PELT(Per-Entity Load Tracking)
引言
对于Linux内核而言,做一款好的进程调度器是一项非常具有挑战性的任务,主要原因是在进行CPU资源分配的时候必须满足如下的需求:
1、它必须是公平的
2、快速响应
3、系统的throughput要高
4、功耗要小
其实你仔细分析上面的需求,这些目标其实是相互冲突的,但是用户在提需求的时候就是这么任性,他们期望所有的需求都满足,而且不管系统中的负荷情况如何。因此,纵观Linux内核调度器这些年的发展,各种调度器算法在内核中来来去去,这也就不足为奇了。当然,2007年,2.6.23版本引入“完全公平调度器”(CFS)之后,调度器相对变得稳定一些。最近一个最重大的变化是在3.8版中合并的Per-entity load tracking。
完美的调度算法需要一个能够预知未来的水晶球:只有当内核准确地推测出每个进程对系统的需求,她才能最佳地完成调度任务。不幸的是,硬件制造商推出各种性能强劲的处理器,但从来也不考虑预测进程负载的需求。在没有硬件支持的情况下,调度器只能祭出通用的预测大法:用“过去”预测“未来”,也就是说调度器是基于过去的调度信息来预测未来该进程对CPU的需求。

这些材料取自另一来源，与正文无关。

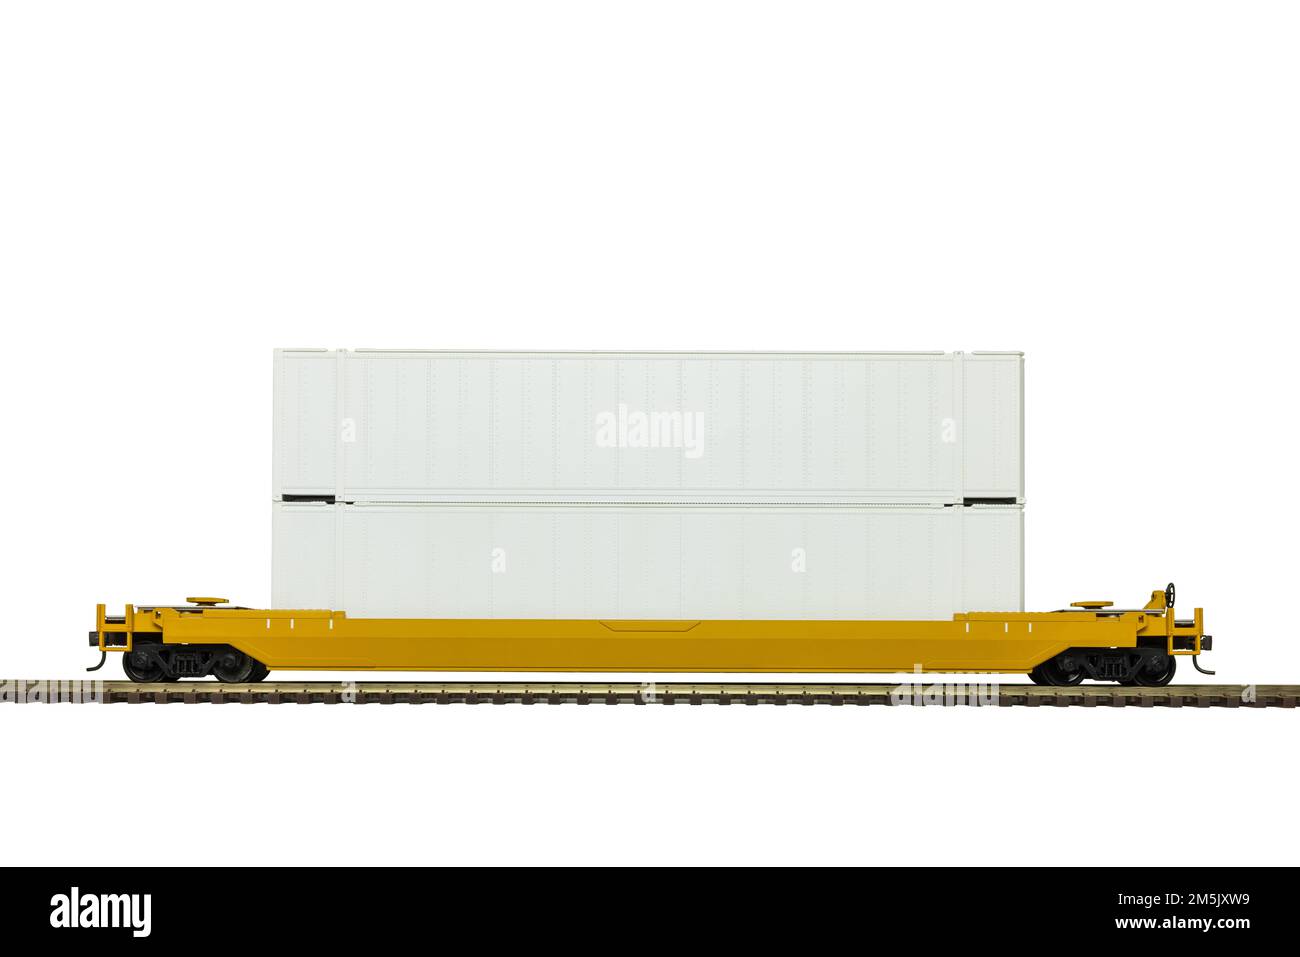 A yellow double stack intermodal railroad car on track. Stock Photo
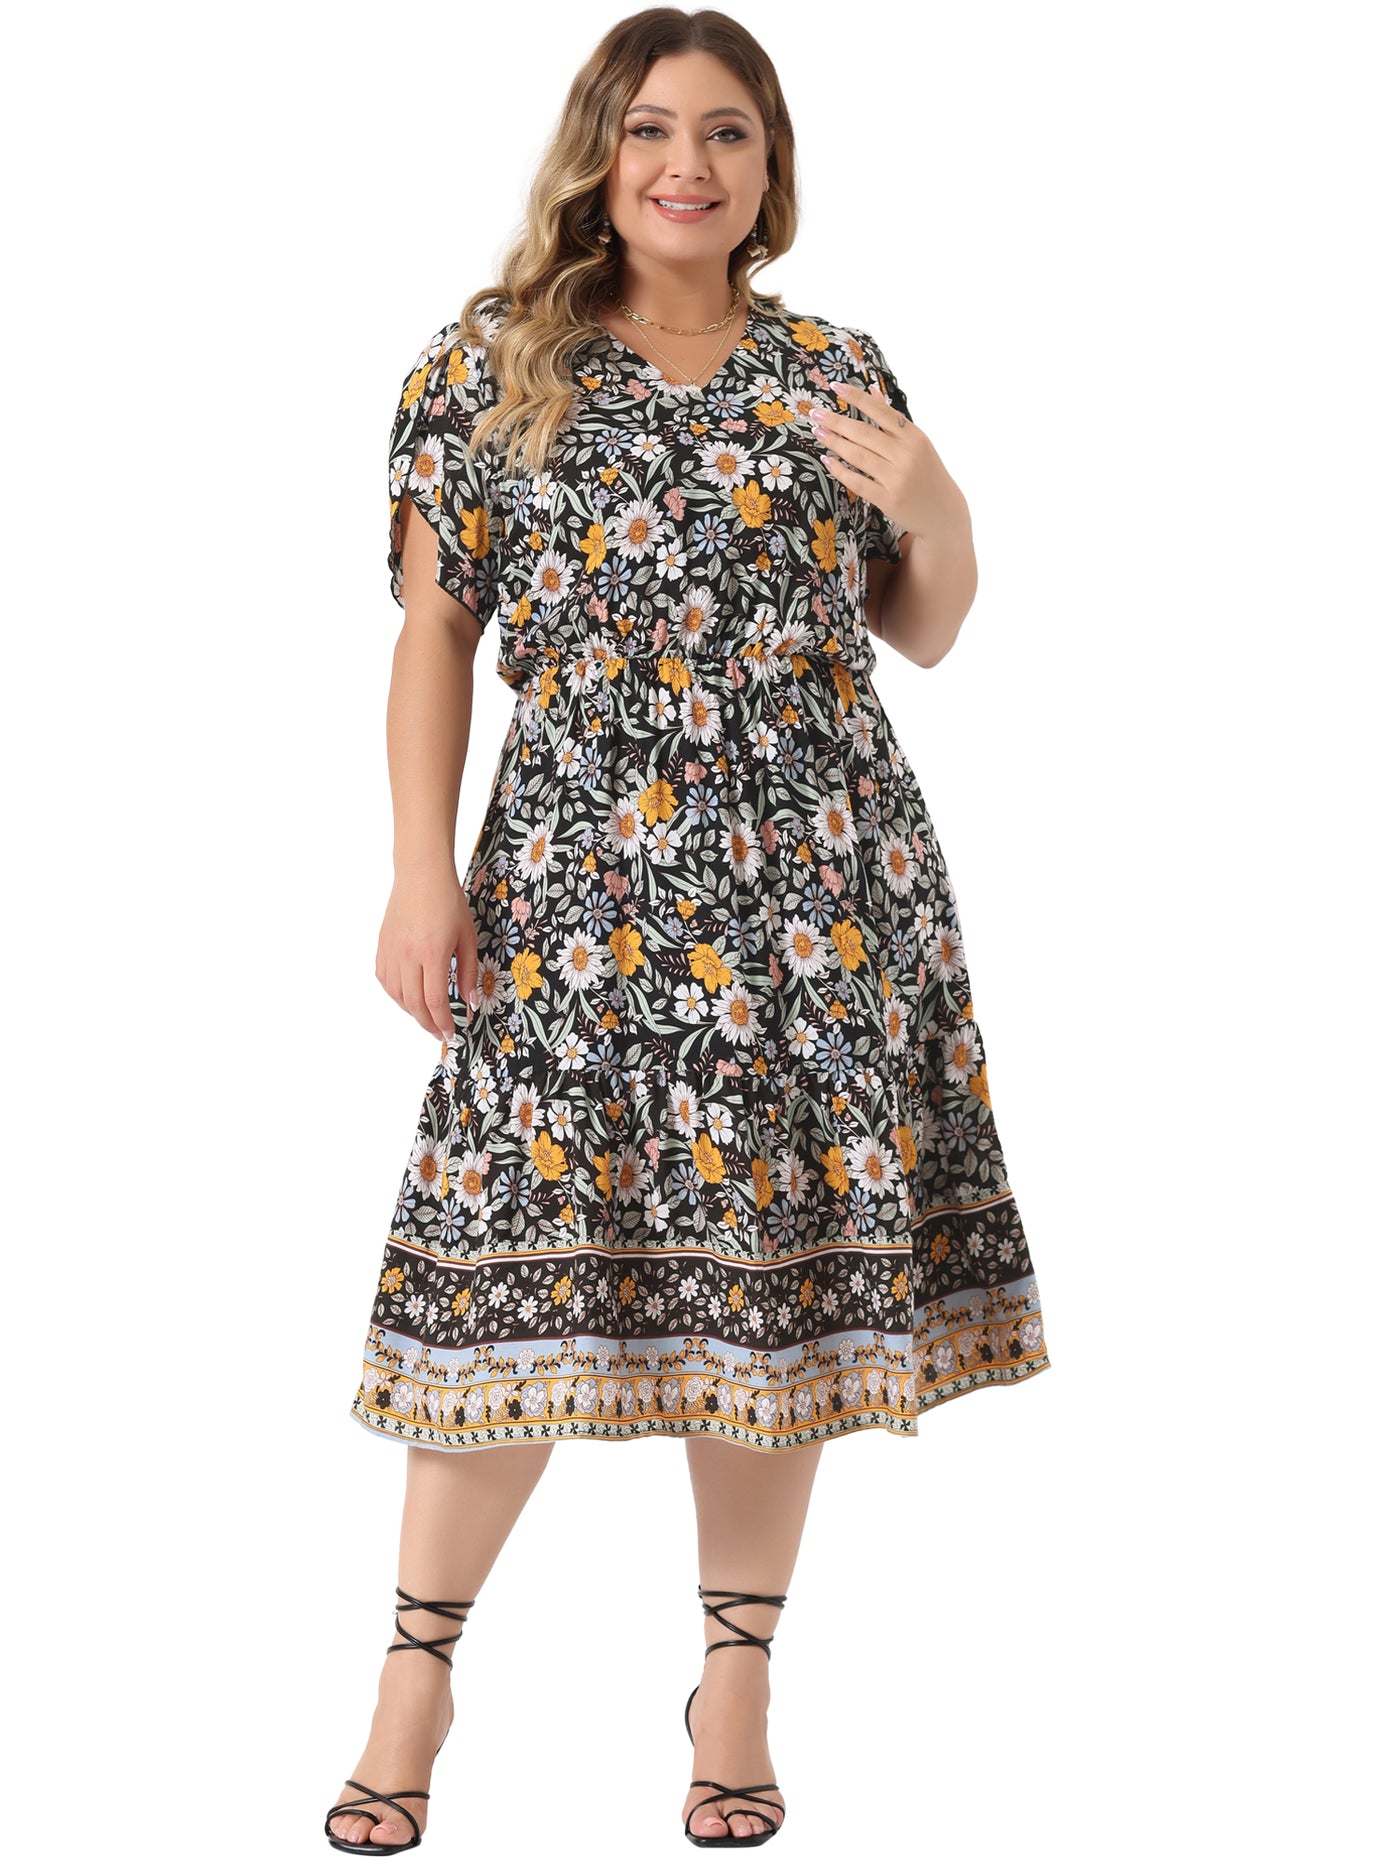 Bublédon Plus Size Summer Dresses Boho for Women Casual V Neck Short Sleeve Floral Print Beach Midi Dress

而在这些调度信息中,每一个进程过去的“性能”信息是核心要考虑的因素。但有趣的是,虽然内核密切跟踪每个进程实际运行的时间,但它并不清楚每个进程对系统负载的贡献程度。
而Per-entity load tracking系统解决了这些问题。
PELT(Per-Entity Load Tracking)
是一套进程调度中,用于计算进程对系统产生多少负载的模型。
Scheduling Entity(调度实体):其实就是一个进程,或者一组进程。
Load Tracking(负载跟踪):统计调度实体对系统负载的总贡献。
其主要思想为:
将时间切分为以1ms为单位的period,为了便于计算,将1ms设置为1024us。
在一个单位period中,一个scheduling entity对系统的负载贡献,可以根据该entity处于runnable状态的时间进行计算。如果在该period中,runnable的时间为x,那么对系统负载的贡献=x/1024。
以上这个系统负载值也可能会超过1024us,这是因为我们会累积过去period中的负载。但是对于过去的负载,在计算时,需要乘上一个衰减因子(decay factor)。
如果我们用Li表示在周期Pi中该scheduling entity对系统负载的贡献,那么一个scheduling entity对系统负载的总贡献表示为:
L = L0 + L1*y + L2*y2 + L3*y3 + ...
* [<- 1024us ->|<- 1024us ->|<- 1024us ->| ...
* P0 P1 P2 ...
* L0 L1 L2 ...
* (now) (~1ms ago) (~2ms ago)
其中y就是衰减因子,从上面公式:
1. scheduling entity对于系统的负载贡献是一个幂级数之和。
2. 最近的负载的权重最大。
3. 过去的负载也会累计,但是会通过逐渐衰减的方式,影响负载计算。
使用这样序列的好处是计算简单,我们不需要使用数组来记录过去的负荷贡献,只要把上次的总负荷的贡献值乘以y再加上新的L0负荷值就OK了。
那么衰减因子y是多少呢?在3.8内核中,y^32=0.5,即32ms。32个period之后,负载的影响力为真实的一半。period计数超过32*63-1之后,就会清零load,也就是只会统计前64*63-1个perod的load。
那么最大的负载是多少呢?1024(1+y+y2 + y3 + ... ) = 1024*(y/1-y) = 47742
runnable的scheduling entity的负载计算:
那么有了计算runnable scheduling entity负载贡献的方法,这个负荷值就可以向上传递,通过累加control group中的每一个scheduling entity负载可以得到该control group对应的scheduling entity的负载值。这样的算法不断的向上推进,可以得到整个系统的负载。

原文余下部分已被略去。